State briefs for April 14

Honolulu building inspector pleads not guilty in bribe case

HONOLULU — A Honolulu building inspector pleaded not guilty Tuesday to allegations that he took bribes in exchange for favors, including nullifying a Waikiki building code violation.


Jason Dadez is among five former and current employees of the Honolulu Department of Planning and Permitting U.S. prosecutors say took bribes from architects, contractors and others.

A Honolulu architect and a building plans examiner pleaded guilty last week.

Dadez allegedly took bribes from an architect who owned a building in Waikiki. In exchange, he provided favors, including nullifying a code violation at the building, an indictment alleges. Prosecutors also accuse him of other favors in exchange for bribes, including processing two applications for a wall sign at a Waipahu restaurant and processing permit applications for a solar contractor.

Dadez, who remains on paid leave pending the outcome of his case, is scheduled to go to trial in June.

Bill would increase fines for illegal tour buses

HONOLULU — A bill proposed by lawmakers would significantly increase fines for tour bus companies that repeatedly break state law.

State legislators this year have sought to crack down on tourist buses that illegally take up rows of parking spots, block residential driveways and drop visitors off in locations coveted by locals.

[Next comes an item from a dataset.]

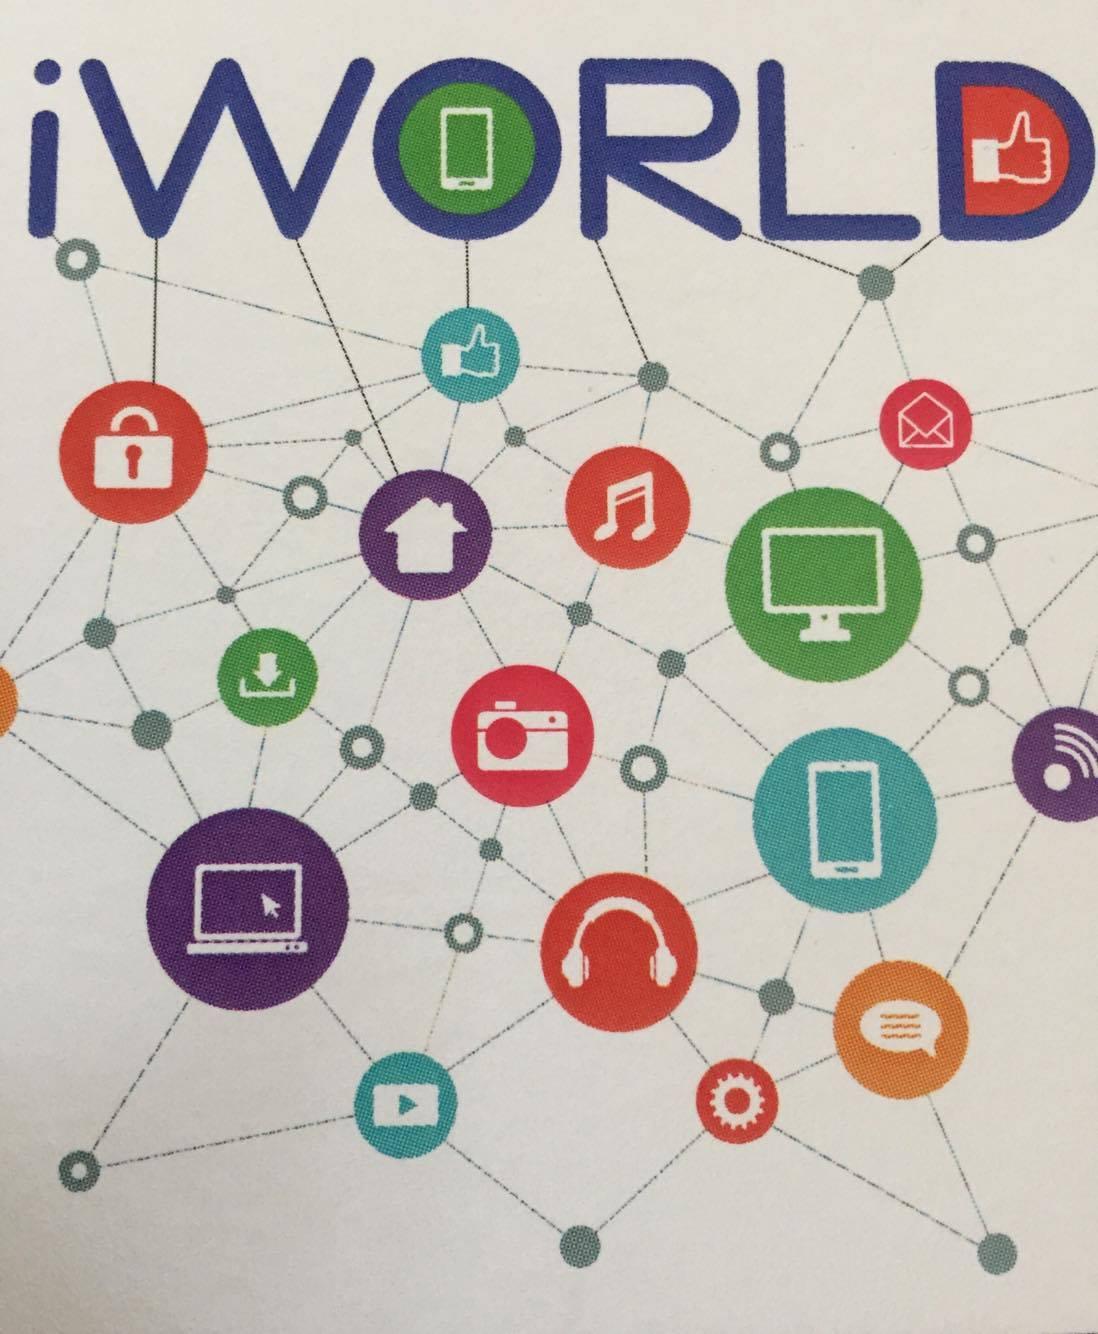 Monday - at iWorld

Under the provisions of the proposed bill, the Hawaii Public Utilities Commission could fine operators $5,000 for the fourth and any subsequent offenses during a calendar year. The current maximum fine is $1,000. The commission regulates motor carriers.

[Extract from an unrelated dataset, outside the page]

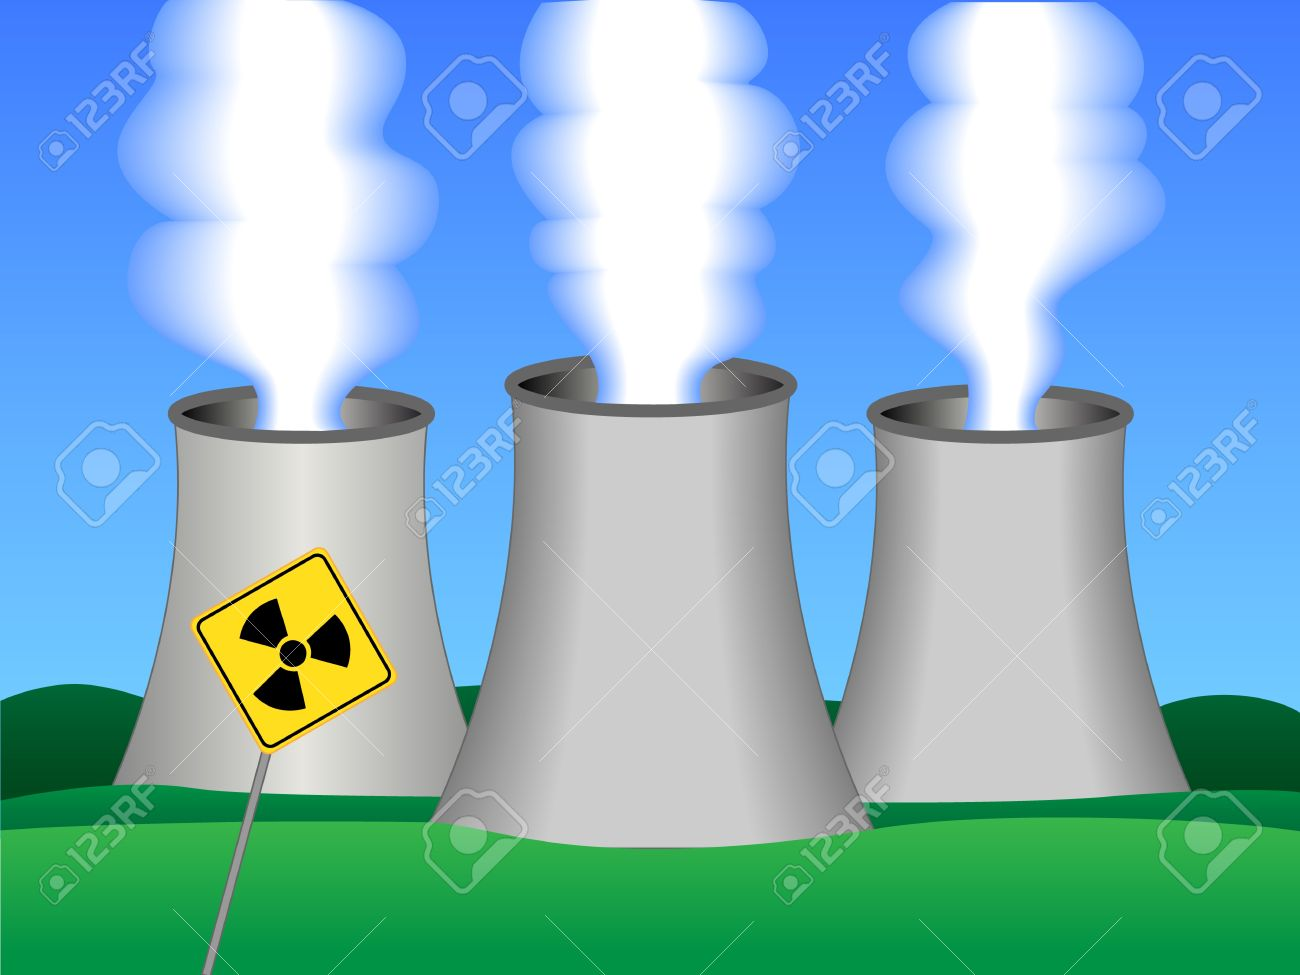 Dibujo Simple De Una Planta De Energía Nuclear Con Tres Torres De

The bill cleared both chambers of the state Legislature is set to enter a final round of negotiations between the two chambers before it is sent to the governor’s office for veto or approval.

The laws that regulate tour buses vary by location in the state.

Gareth Sakakida, the managing director of the Hawaii Transportation Association, which represents the commercial ground transportation industry, said his agency supports the proposed bill.

“This gives the PUC a bigger hammer,” Sakakida said. “Anything that the PUC wants to help their enforcement effort, we support.”


Public Utilities Commission Chairman Jay Griffin said between 2019 and the coronavirus pandemic, the commission issued 74 citations for improperly-operated tour vehicles.

But Griffin said since April 2020, the commission suspended citations because of the pandemic. Enforcement is expect to resume in the coming months, Griffin said.